A New Document Model

DocumentGroup and FileDocument carried SwiftUI’s document apps for years, but the read and write sides were entangled in a single conformance. iOS 27 splits them. Reading and writing are now separate protocols, the on-disk logic is its own layer, and a read-write type composes both.

The two top-level protocols are ReadableDocument and WritableDocument:⁶⁷

protocol ReadableDocument : AnyObject
protocol WritableDocument : AnyObject

A read-only type conforms to ReadableDocument alone. A read-write type conforms to both, and Apple provides a Document typealias that bundles the two so you can adopt the pair without naming each one.⁶⁷ Both are class-bound (: AnyObject), which is the visible signal that documents are reference types in this model.

The actual disk I/O moves into a reader and a writer abstraction, DocumentReader and DocumentWriter, each parameterized by the snapshot type your document serializes:⁸⁹

protocol DocumentReader<Snapshot>
protocol DocumentWriter<Snapshot>

Most apps never implement those by hand. For documents of small and medium size that need no custom logic, SwiftUI ships FileWrapperDocumentReader and FileWrapperDocumentWriter, each backed by a file wrapper and described by Apple as the efficient choice for the simple case:¹⁰¹¹

struct FileWrapperDocumentReader<Snapshot>
struct FileWrapperDocumentWriter<Snapshot>

Tying the open document together is URLDocumentConfiguration, a main-actor class that holds the settings and properties of an open document:¹²

@MainActor final class URLDocumentConfiguration

Export flows through an updated fileExporter that takes a WritableDocument whose writer targets a URL:²⁸

nonisolated func fileExporter<D>(
    isPresented: Binding<Bool>,
    document: D?,
    contentType: UTType? = nil,
    defaultFilename: String? = nil,
    onCompletion: @escaping (Result<URL, any Error>) -> Void,
    onCancellation: (() -> Void)? = nil
) -> some View where D : WritableDocument, D.Writer.Destination == URL

The constraint D.Writer.Destination == URL is the load-bearing part: the exporter only accepts a writable document whose writer writes to a URL, which is exactly the file-on-disk case the system dialog handles. Apple documents the lifecycle precisely: the dialog appears only when document is non-nil, isPresented is set to false before onCompletion runs, and a user cancellation sets isPresented to false and calls onCancellation.²⁸ The split between readable and writable is what lets a viewer-only feature import a document without ever conforming to the write side.

Toolbars That Decide What Survives

Toolbars run out of room. A compact-width iPhone, a resized Mac window, or an active search field can all leave fewer slots than you have controls. Before iOS 27, the framework made the eviction decisions for you. Now you make them.

ToolbarOverflowMenu is the explicit overflow surface.
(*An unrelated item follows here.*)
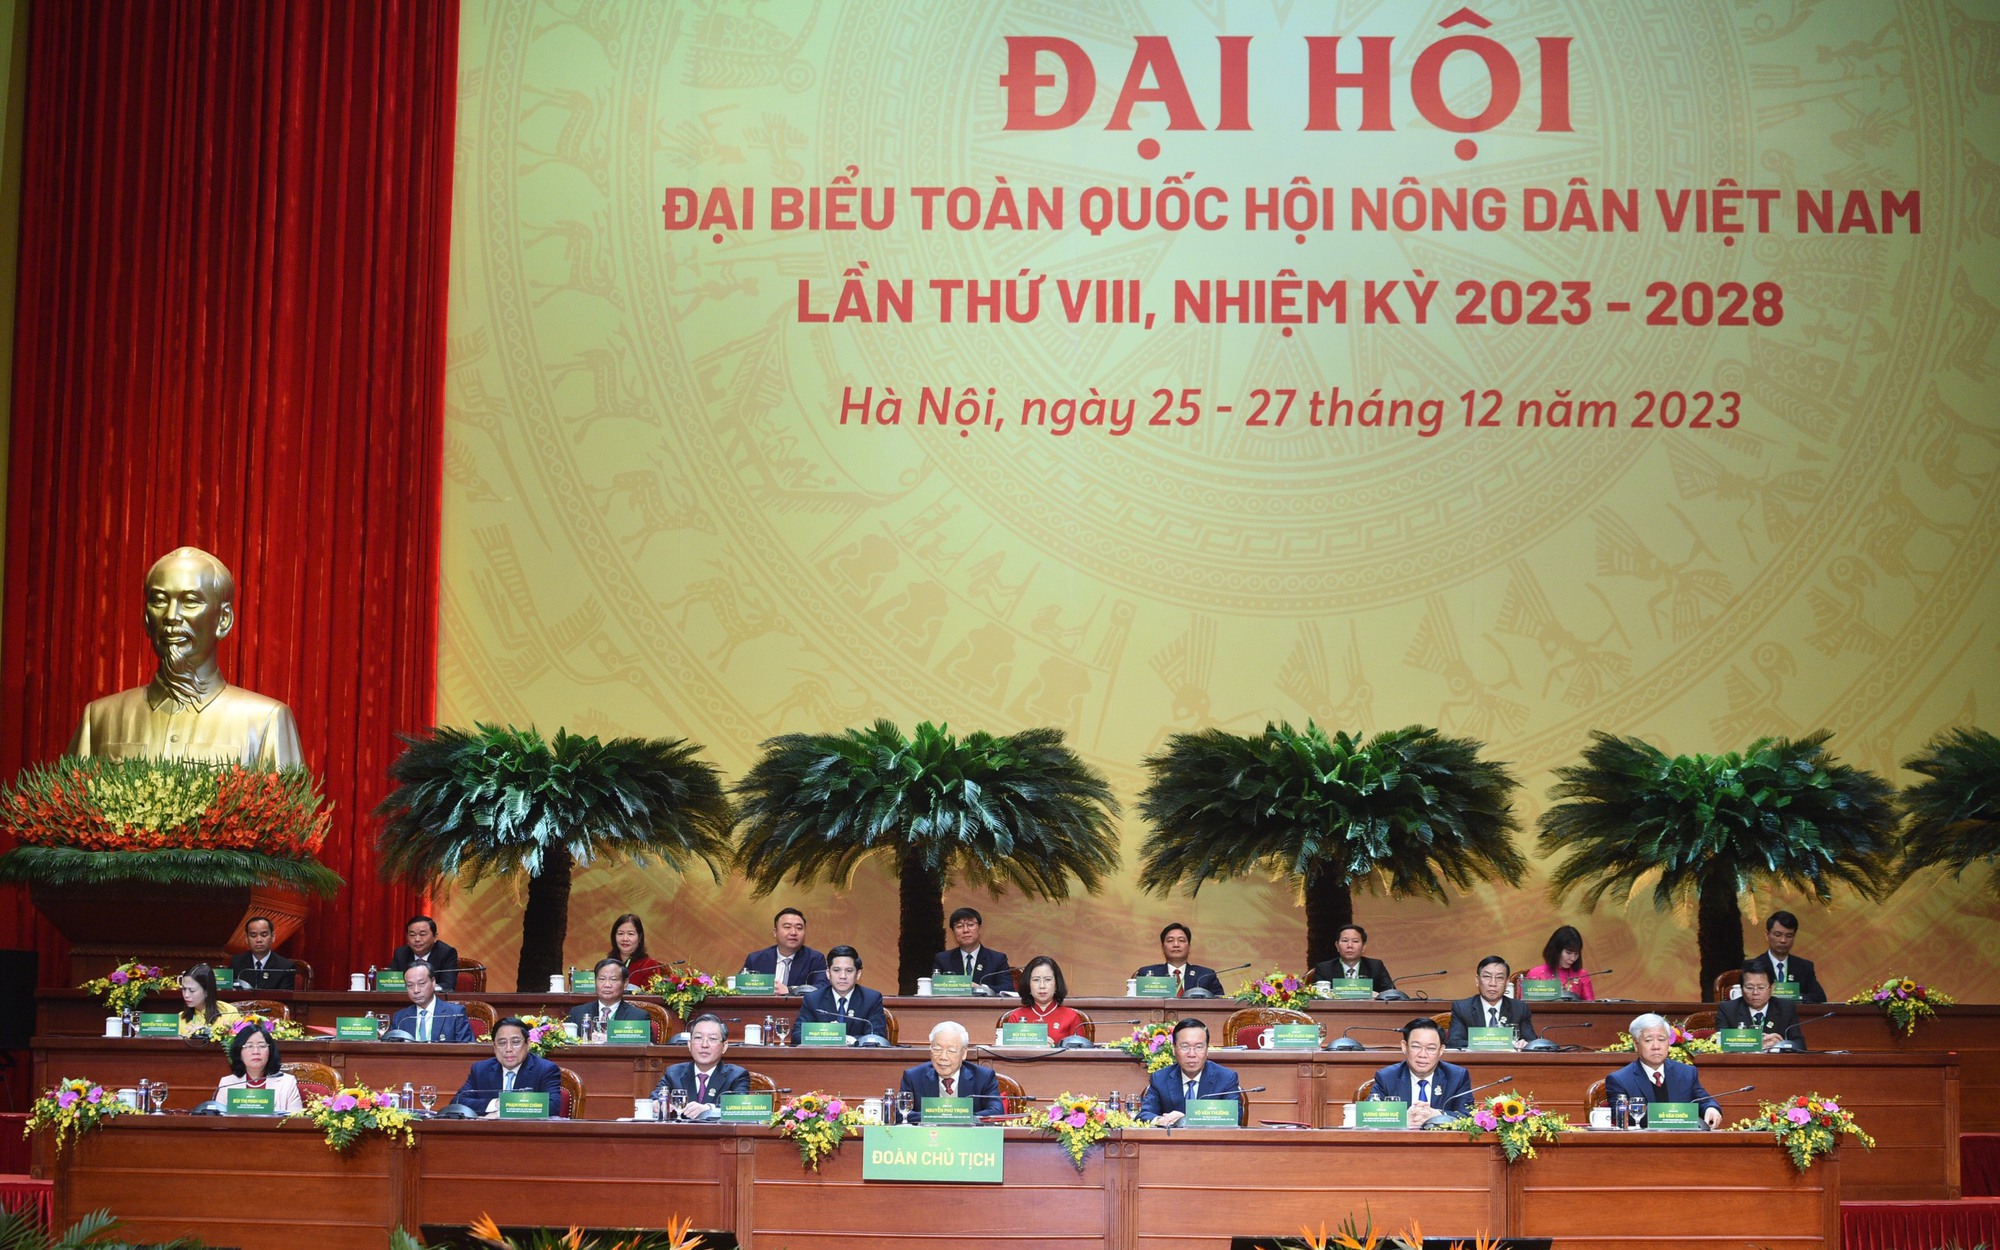 [TRỰC TIẾP] Khai mạc Đại hội đại biểu toàn quốc Hội nông dân Việt Nam lần thứ VIII, nhiệm kỳ 2023 - 2028

Apple describes it as actions that are always placed in the toolbar’s overflow menu regardless of toolbar mode, platform, or customizability, and on iOS and visionOS that content lands in the overflow menu in the navigation bar:¹³

nonisolated struct ToolbarOverflowMenu<Content> where Content : View

For the controls that should resist overflow, the new topBarPinnedTrailing placement pins an item to the trailing edge of the toolbar:¹⁴

static let topBarPinnedTrailing: ToolbarItemPlacement

The nuance Apple documents is that pinned items only move to the overflow menu when search is active and there isn’t enough room, and on iOS and visionOS the top bar is the navigation bar.¹⁴ So topBarPinnedTrailing is for the one or two controls you never want buried unless search forces the issue.

When the choice is relative rather than absolute, visibilityPriority(_:) on ToolbarContent ranks items so the framework knows the eviction order:¹⁵

@MainActor @preconcurrency
func visibilityPriority(_ priority: ToolbarItemVisibilityPriority) -> some ToolbarContent

Apple’s rule: when toolbar space is limited, items with a lower priority move into the overflow menu before items with a higher priority.¹⁵ An important control can sit at the trailing edge yet still be shown as the window shrinks. Paired with topBarPinnedTrailing and ToolbarOverflowMenu, you now have a full vocabulary for graceful degradation: pin the essential, prioritize the rest, and route the always-secondary into overflow.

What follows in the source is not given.